**Exercise materials**.
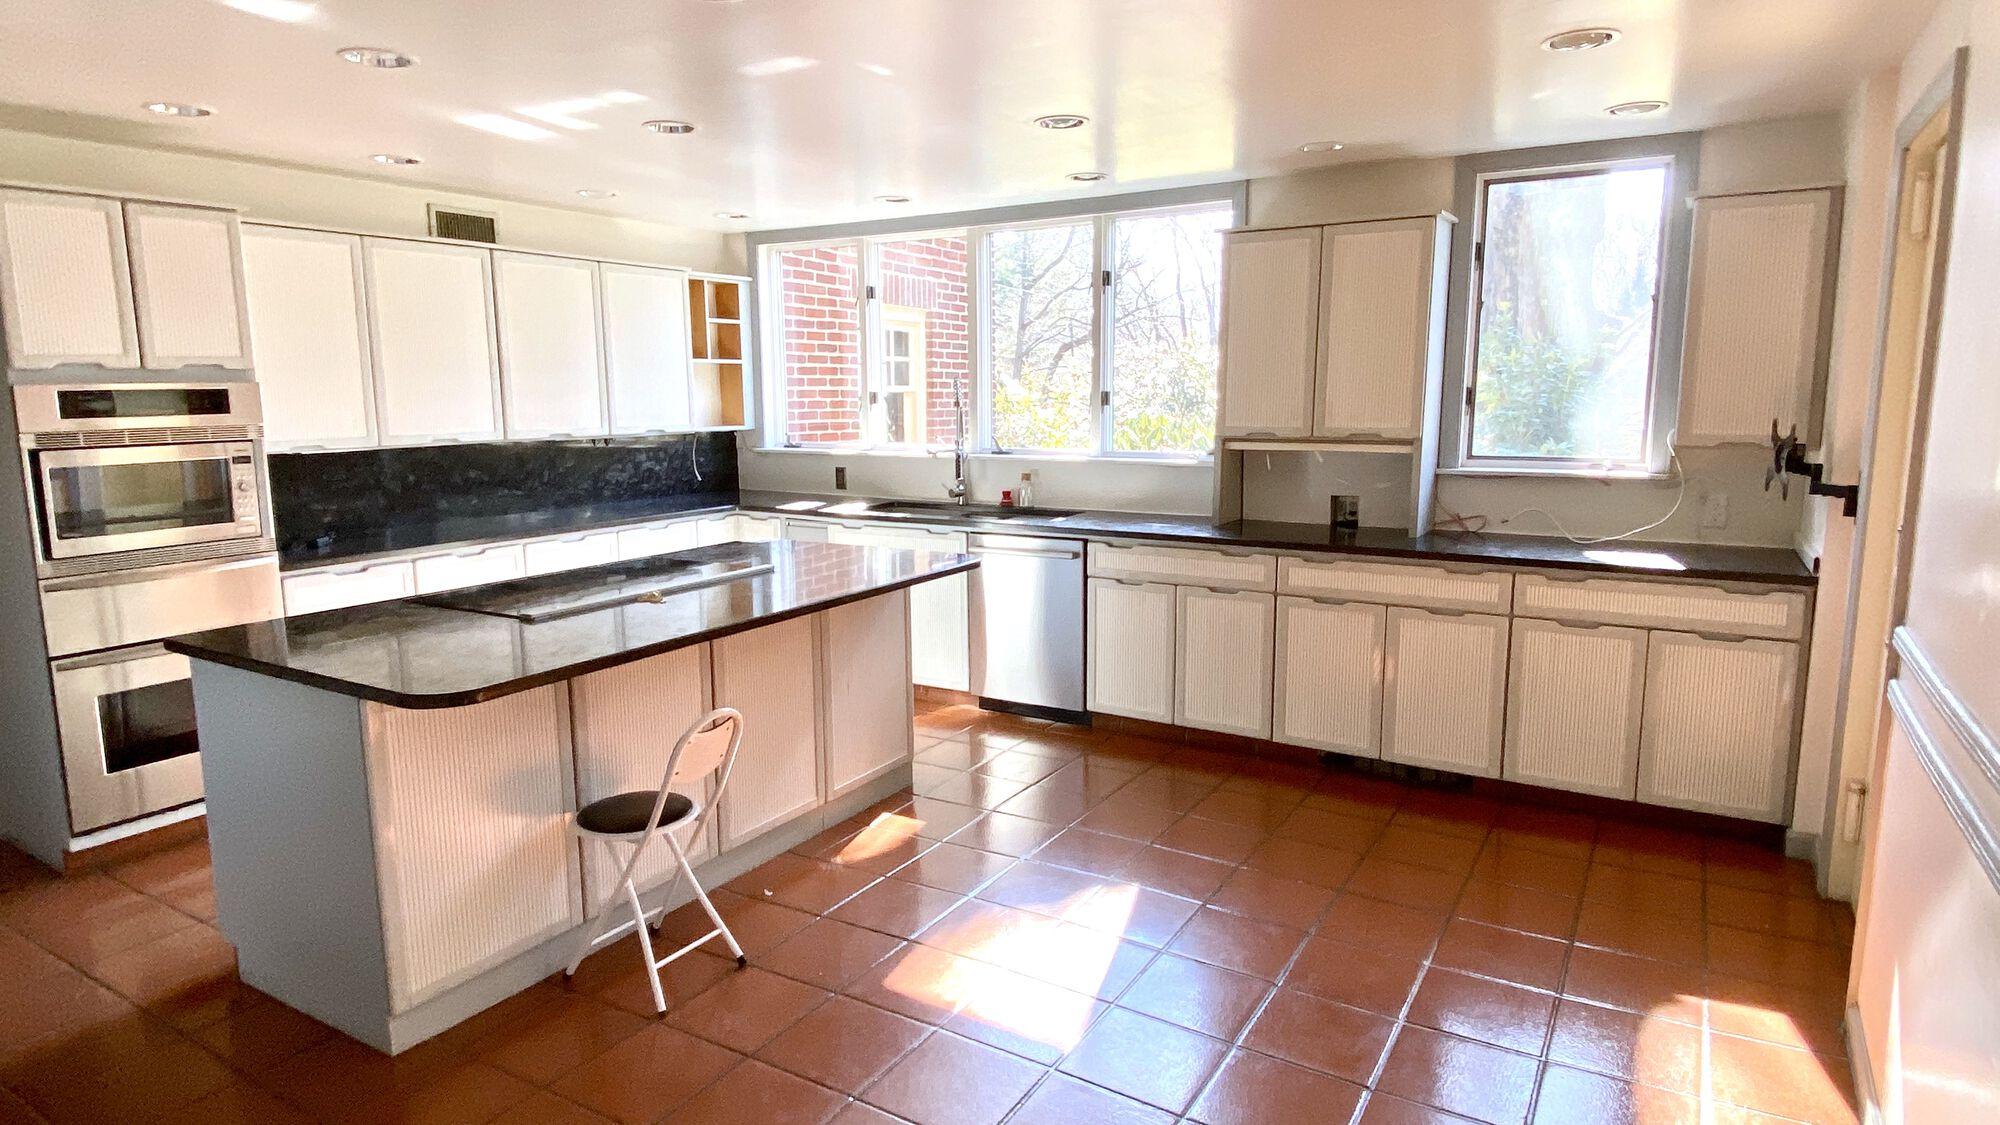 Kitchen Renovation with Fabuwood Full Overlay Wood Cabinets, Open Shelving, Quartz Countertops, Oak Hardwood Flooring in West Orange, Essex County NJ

--

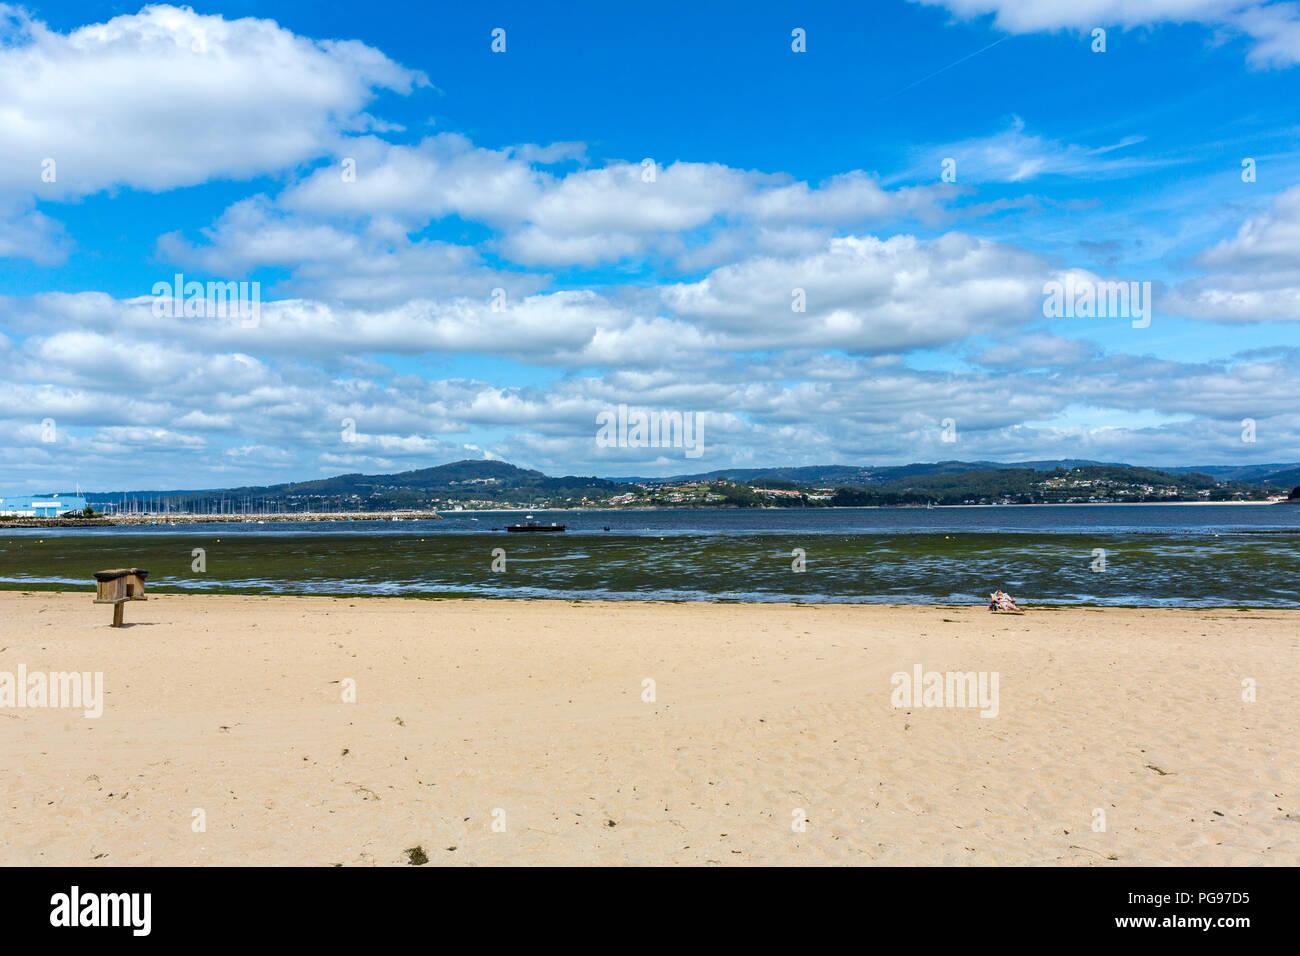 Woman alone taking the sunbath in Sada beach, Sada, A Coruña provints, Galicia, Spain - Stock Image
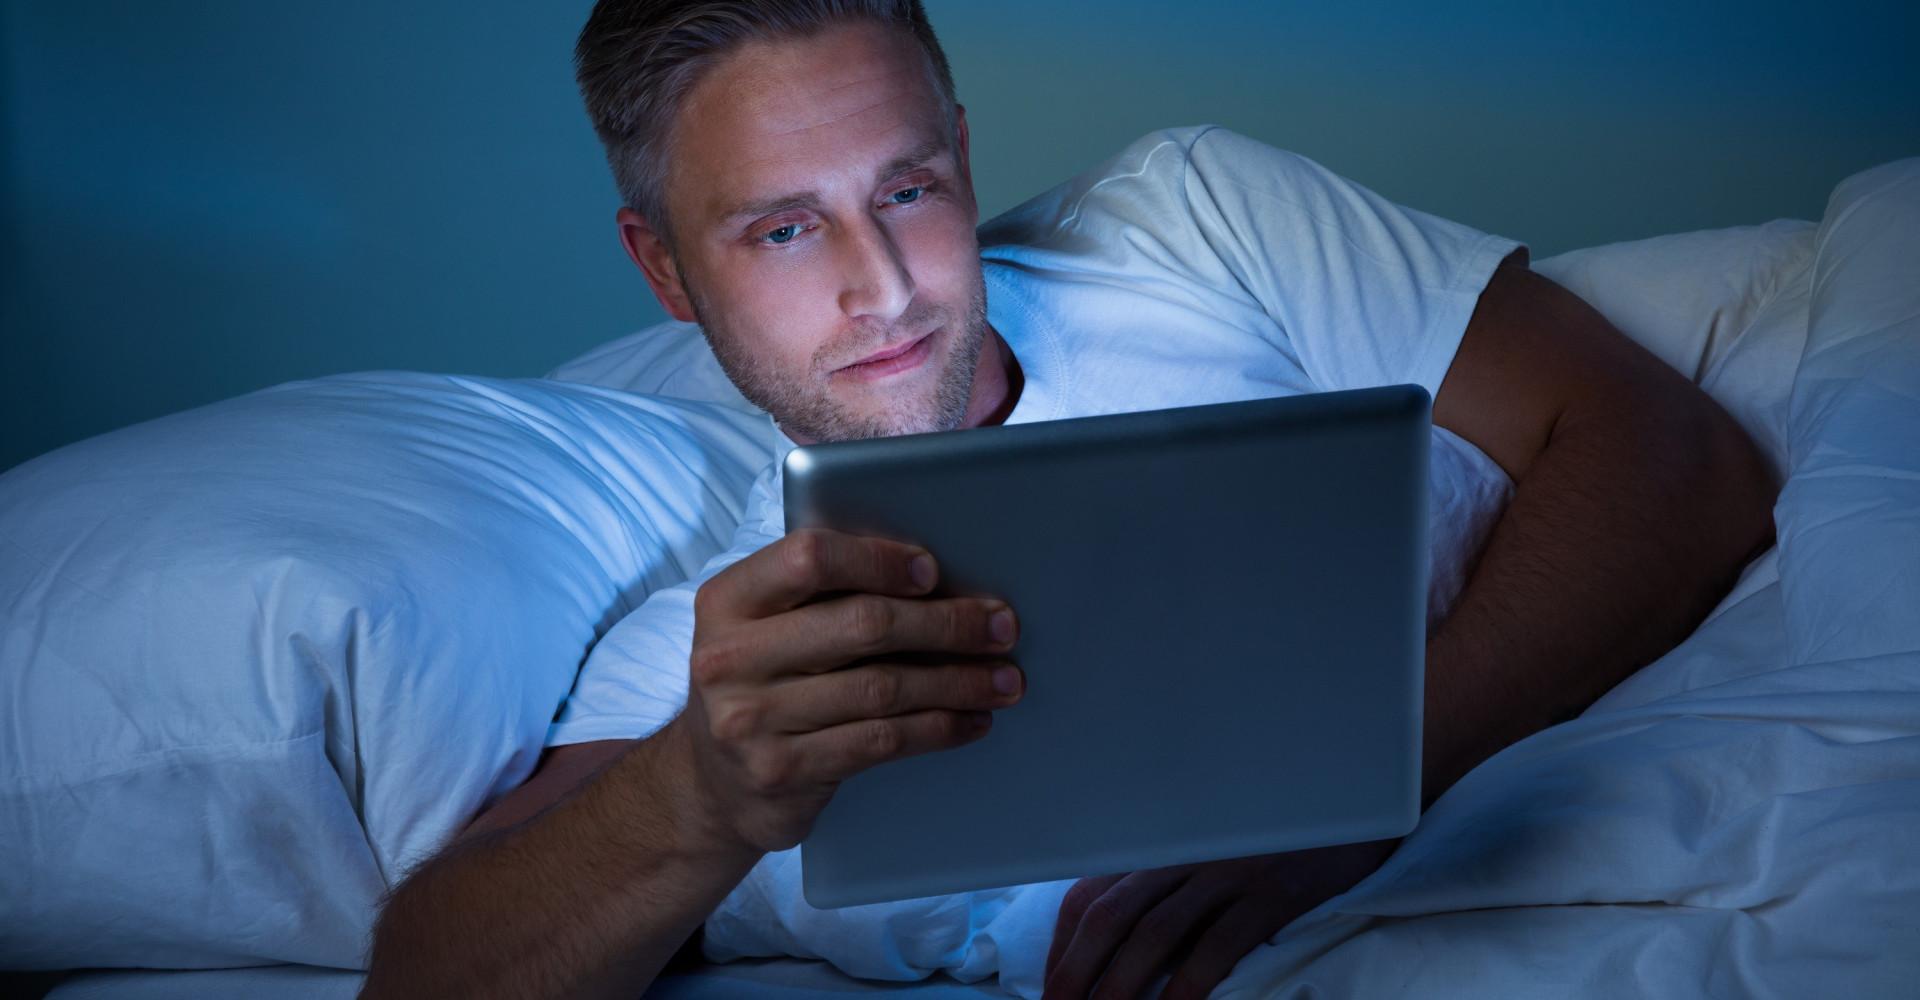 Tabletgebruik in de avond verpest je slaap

**Exercise brief**. Look above for the line with "Woman alone taking" and the line with "Tabletgebruik in de avond verpest je slaap"; set down those two lines and all lines between them exactly, without pictures and without anything else.

**Solution for this exercise**.
 Woman alone taking the sunbath in Sada beach, Sada, A Coruña provints, Galicia, Spain - Stock Image
 Tabletgebruik in de avond verpest je slaap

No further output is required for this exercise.